:: Exercise ::
Quote the data below in full, minus the images.

Supplied information below:

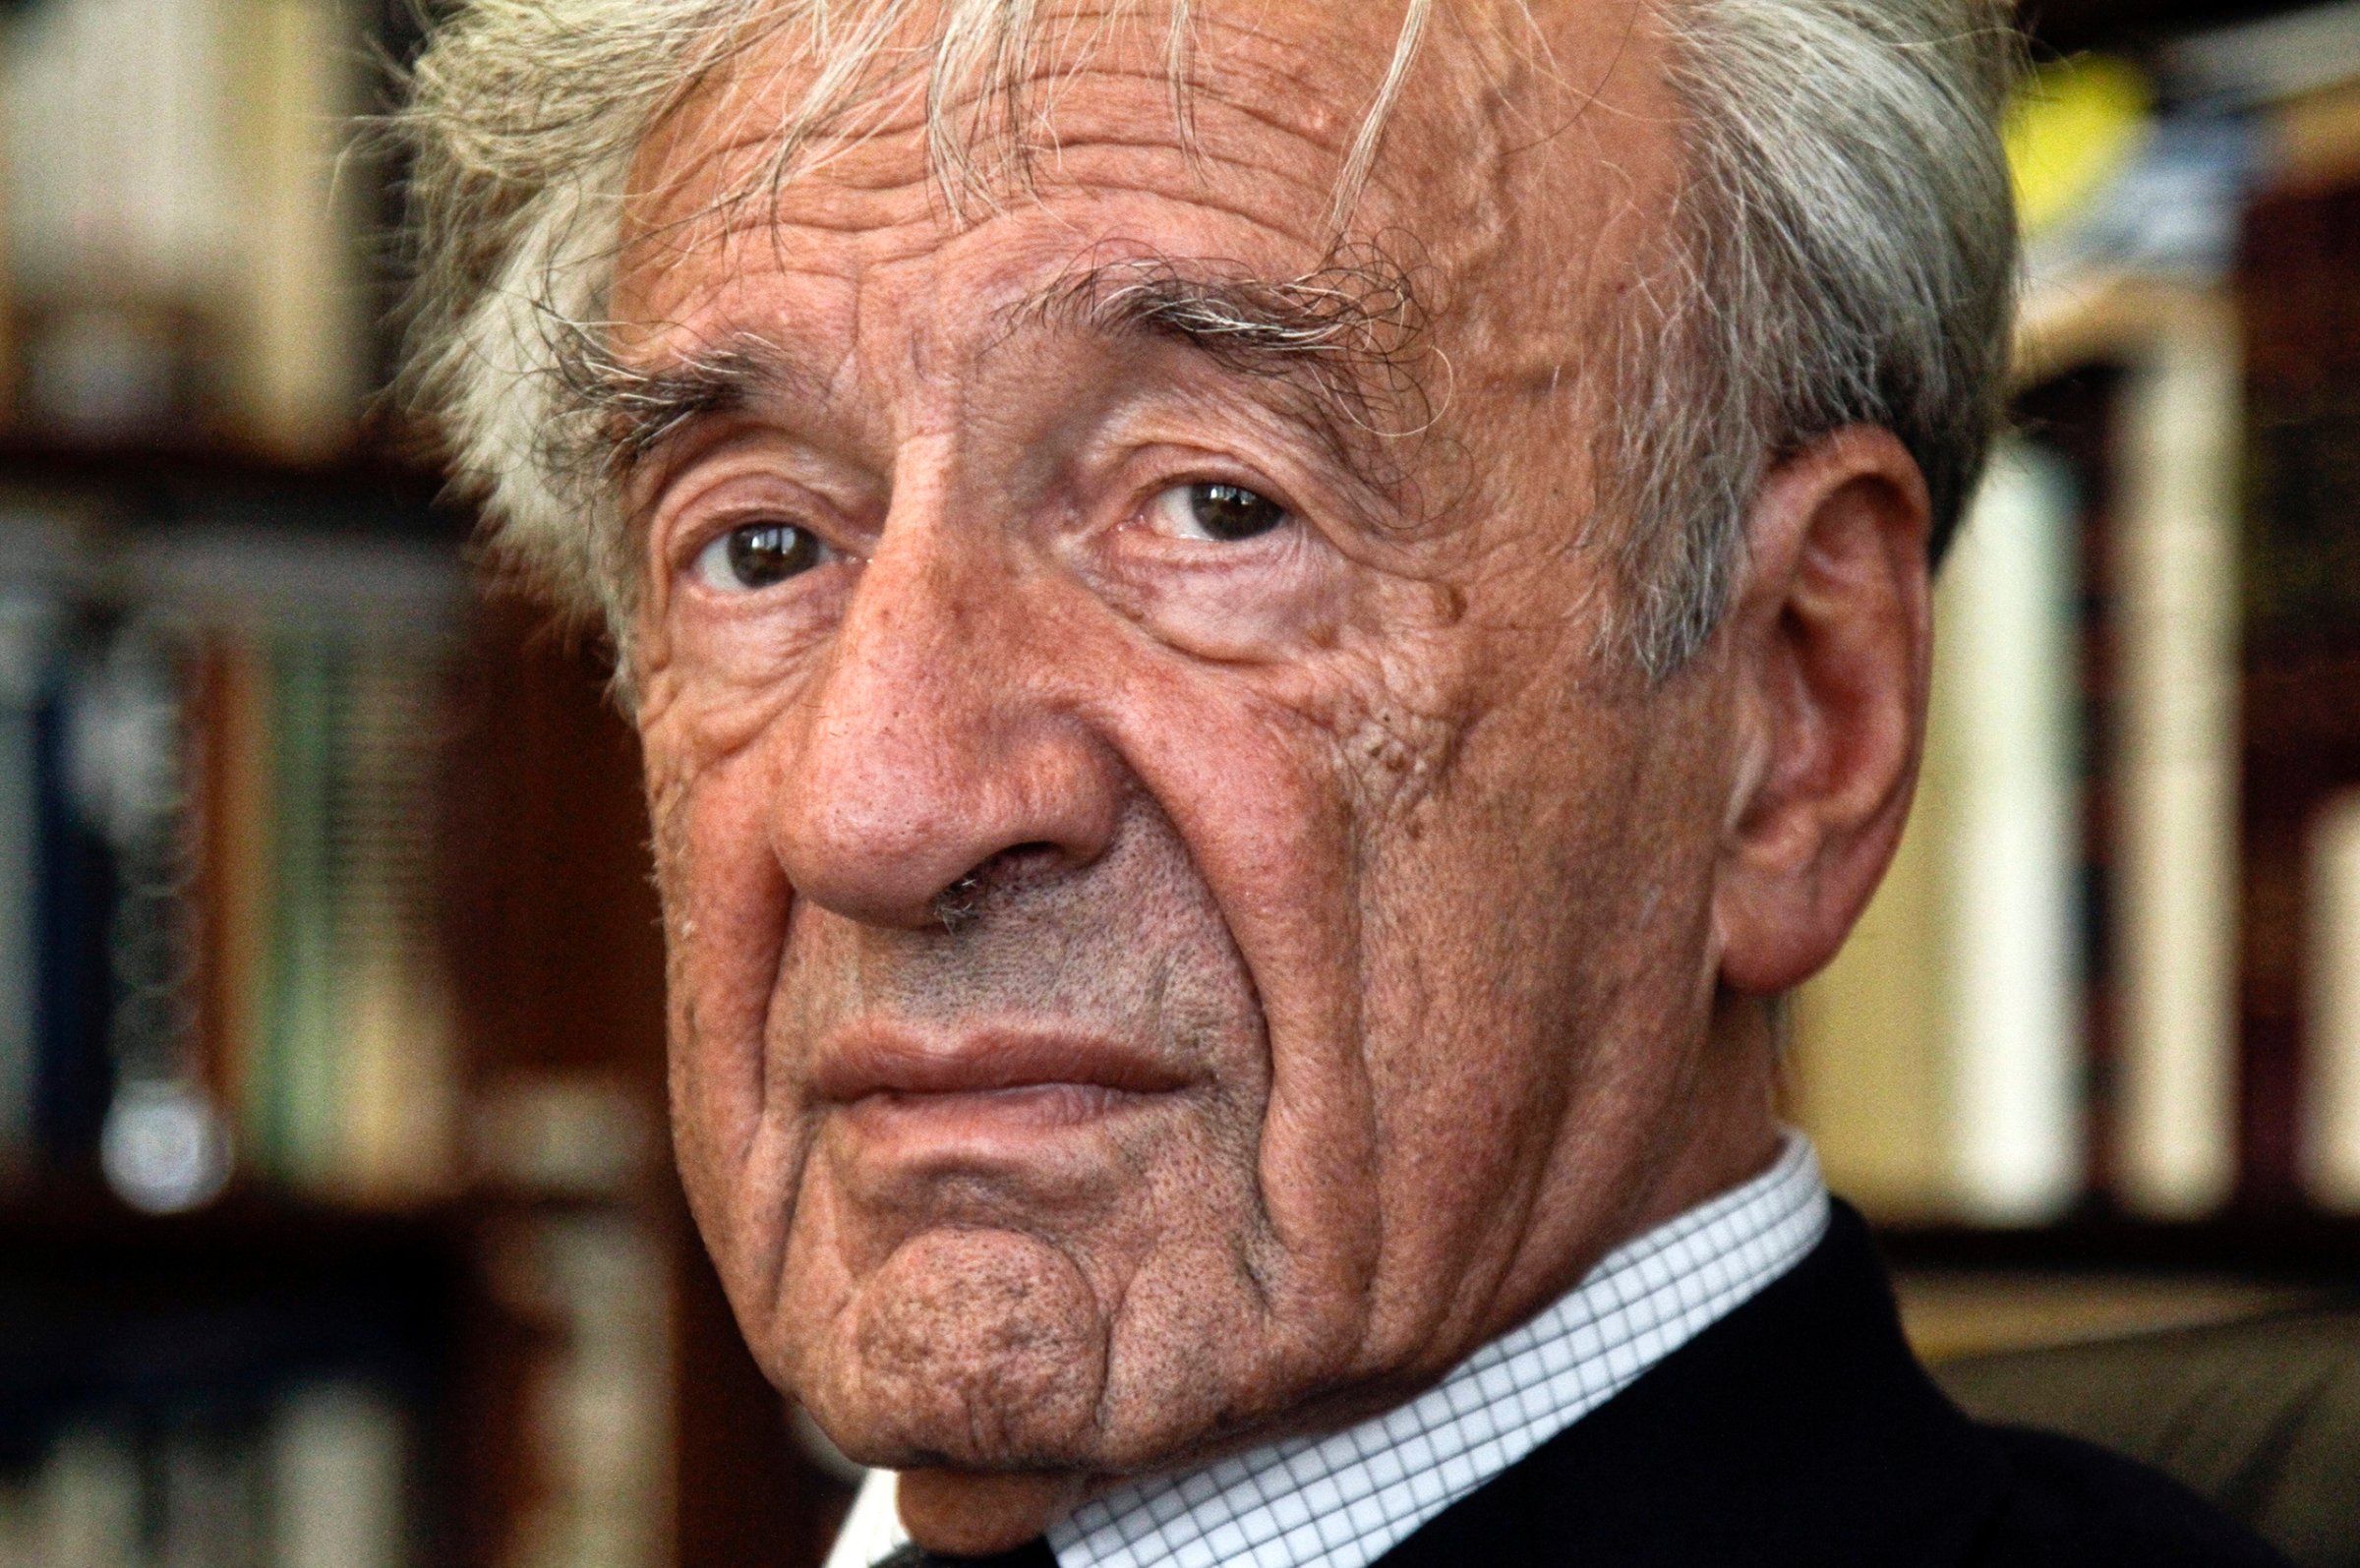 This Sept. 12, 2012, photo shows Holocaust activist and Nobel Peace Prize recipient Elie Wiesel, 83, in his office in New York.
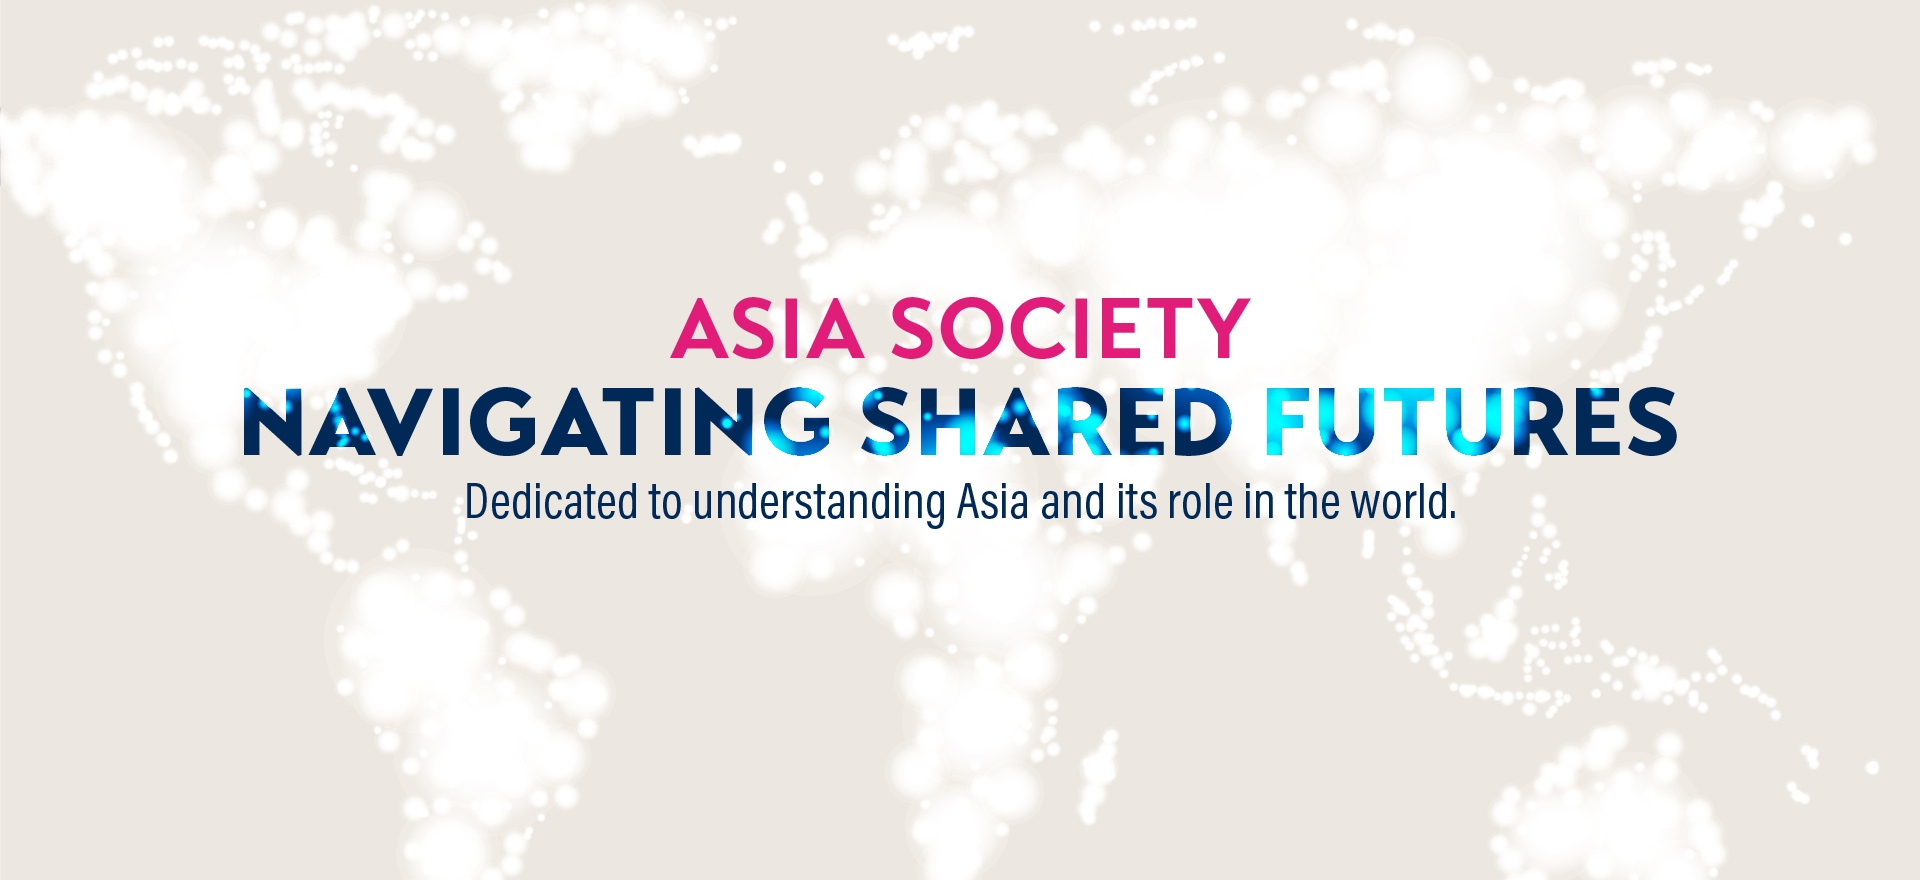 Asia Society Navigating Shared Futures. Dedicated to understanding Asia and its role in the world.
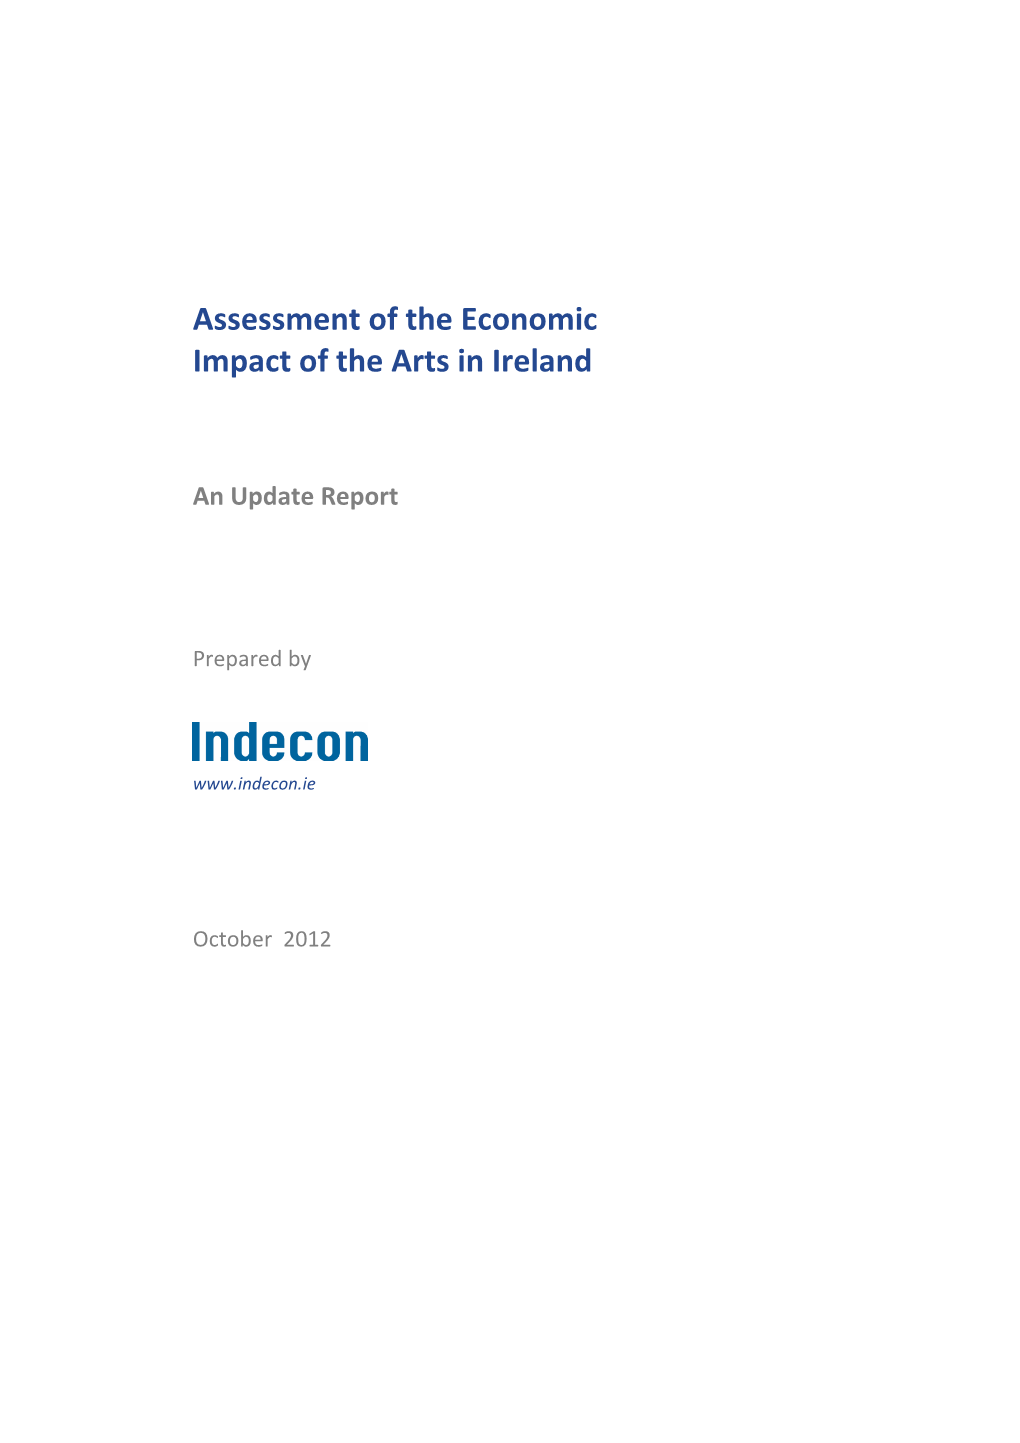 Assessment of the Economic Impact of the Arts in Ireland

End of Supplied information.

:: Answer area ::
 This Sept. 12, 2012, photo shows Holocaust activist and Nobel Peace Prize recipient Elie Wiesel, 83, in his office in New York.
 Asia Society Navigating Shared Futures. Dedicated to understanding Asia and its role in the world.
 Assessment of the Economic Impact of the Arts in Ireland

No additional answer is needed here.